セッション記号 S (固体地球科学) » S-TT 計測技術・研究手法

[S-TT36] 光ファイバーセンシング技術の地球科学への応用

2024年5月27日(月) 17:15 〜 18:45 ポスター会場 (幕張メッセ国際展示場 6ホール)

コンビーナ:江本 賢太郎(九州大学大学院理学研究院)、辻 健(東京大学大学院 工学研究科)、宮澤 理稔(京都大学防災研究所)、荒木 英一郎(海洋研究開発機構)

17:15 〜 18:45

[STT36-P02] 孔内光ファイバひずみ計で計測されるひずみと地動の関係

*辻 修平1荒木 英一郎1松本 浩幸1町田 祐弥1、横引 貴史1 (1.国立研究開発法人 海洋研究開発機構)

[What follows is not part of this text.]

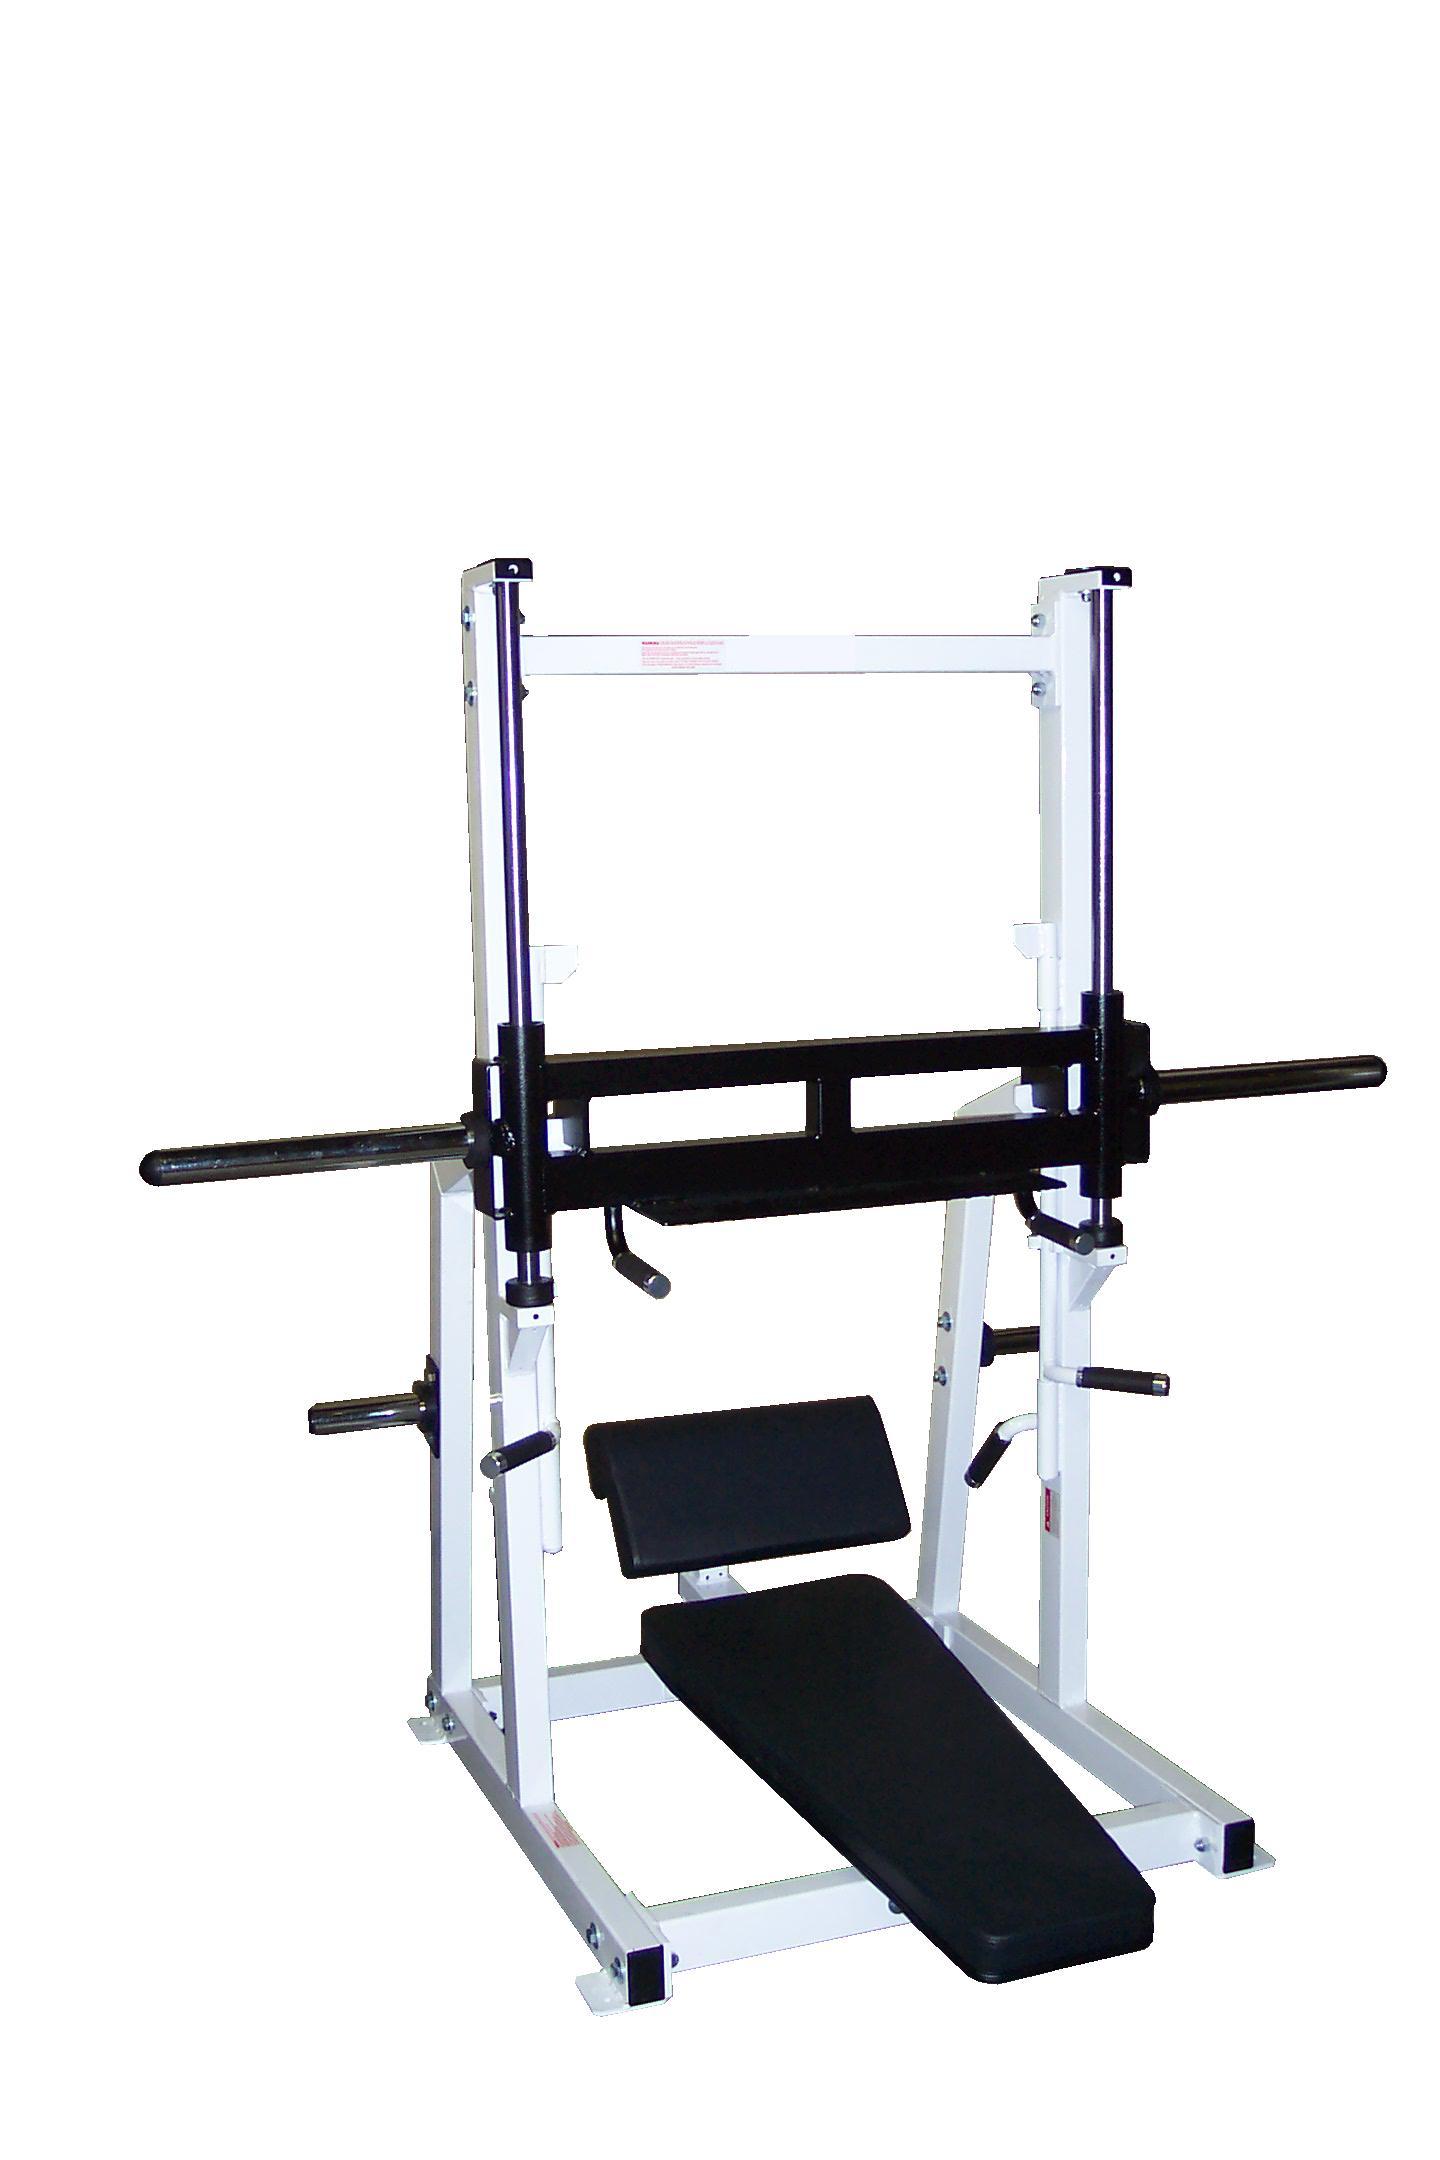 MAX#CVLP1 Vertical Leg Press
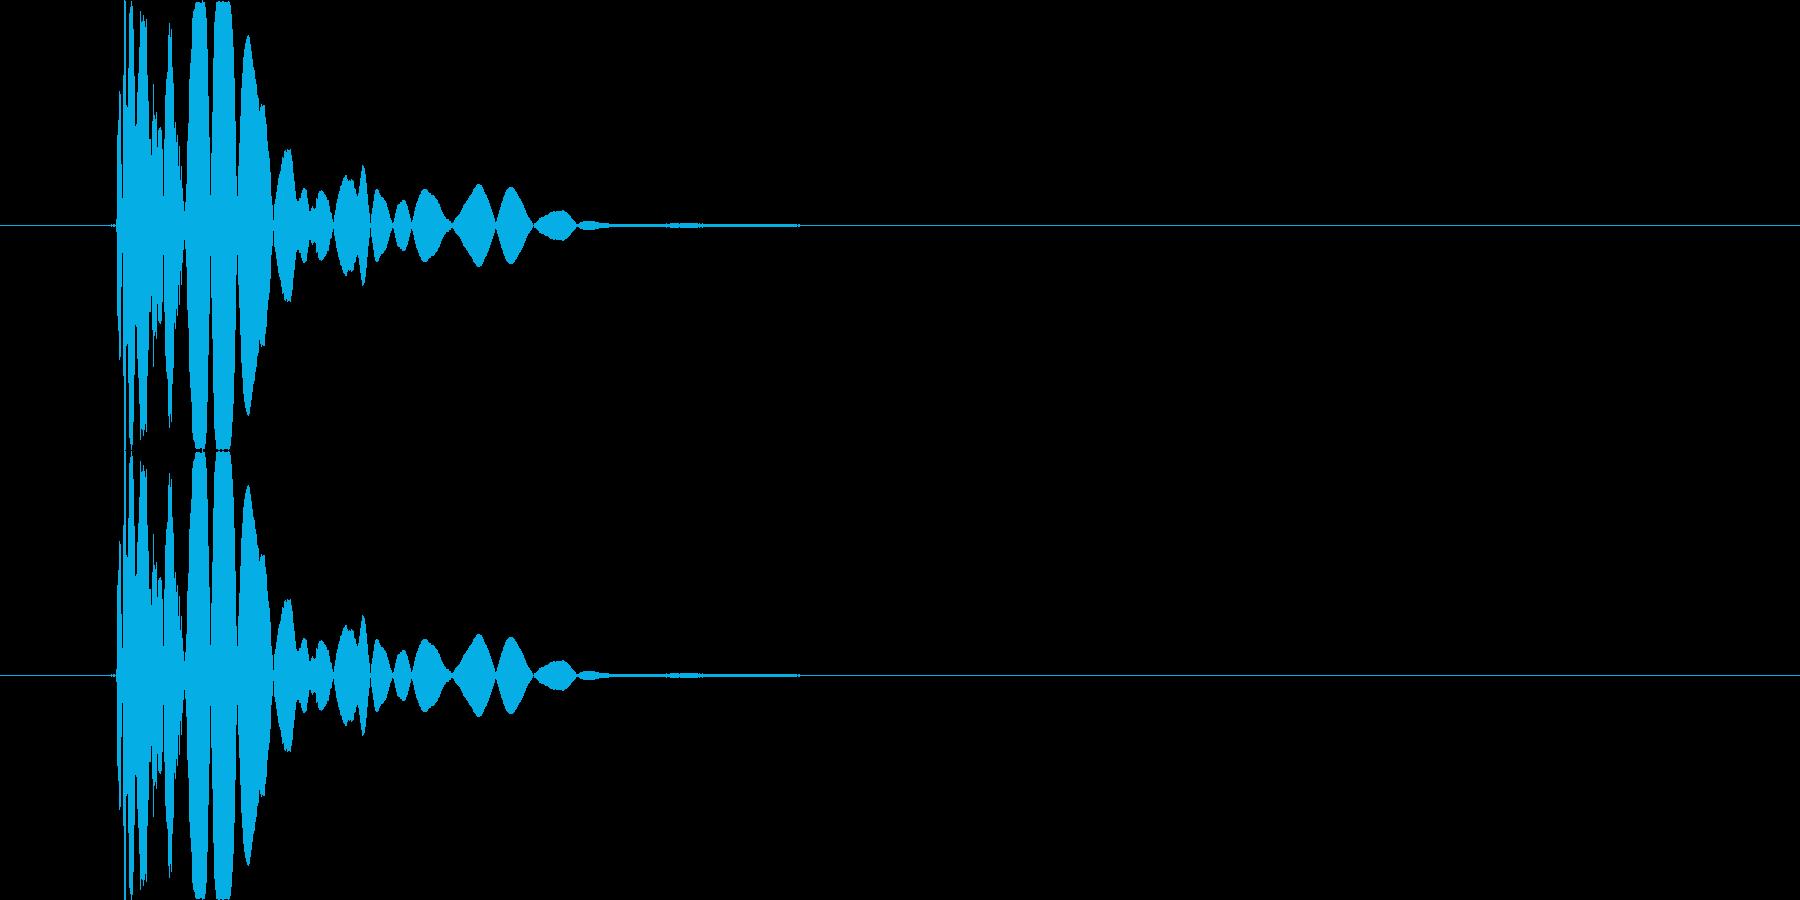 【SE】打撃音(パンチ03)の再生済みの波形

キーワード:光センシング、光ファイバひずみ計、孔内計測、歪計測

孔内光ファイバひずみ計で観測されたひずみ記録と地動の関係を、センサー形状に基づく理論計算や、地震計や直線型光ファイバひずみ計で実測した地震動との比較により推定した。
孔内光ファイバひずみ計は、南海トラフの海底掘削孔内で長期観測を行い、沈み込みに伴う地震学・測地学的な現象を検出するために開発された。ひずみ計は、耐圧筐体内に格納された約200mの基準ファイバと、円筒の側面にコイル状に巻かれた同じ長さのセンシングファイバから成り、この2本のファイバがマイケルソン干渉計を構成している。このセンシングファイバの形状により、掘削孔内の限られた空間内により長い基線長を配置し、さまざまな方向に感度を得ることができる。この孔内光ファイバひずみ計は、まず試験のために、2023年3月に岐阜県の神岡鉱山内のテストサイトで深さ20mの掘削孔に設置され(Machida et al., 2023, JpGU Meeting)、改良の後に南海トラフの深さ 500m の掘削孔に設置された(Machida et al., 2023, AGU Meeting)。
本研究では、センサーの幾何形状に基づく計算と実測データの比較から孔内光ファイバひずみ計の感度を推定した。まず、センシングファイバの幾何学的形状に基づいて、ひずみテンソルの各成分に対する感度を推定した。次に、孔内光ファイバひずみ計、広帯域地震計、直線型光ファイバひずみ計によって観測された遠地地震や近地微小地震の波形を比較した。なお、ひずみ波形と速度波形の比較では、平面波近似が成立すると仮定した。この仮定の下では、ひずみは位相速度の逆数(スローネス)と地動速度の積として表現できる。
結果として、水平面内の直ひずみと面ひずみが、孔内光ファイバひずみ計の計測する歪の感度がある要素であった。幾何形状に基づく計算により、水平面内の直ひずみと面ひずみは剪断ひずみに対して約10倍の感度を示すことがわかった。垂直成分の直ひずみには感度が無かった。この傾向を確認するために、ほぼ直線的な地動が得られる、遠地地震の直達S相の速度波形を低周波成分に注目してひずみ記録とフィッティングした。その結果、エネルギーで残差20%以内に収まる範囲で良くフィットできた。ただし、速度とひずみの間の係数の大きさは、平面波近似の仮定から予想される値ではなかった。
この振幅の不一致は、掘削孔に設置した影響を示唆している可能性がある。センサーと周囲の媒体間の弾性率の差は、感度を向上・低下させる可能性があるため、この効果を理論計算に含めるように改良を行っている。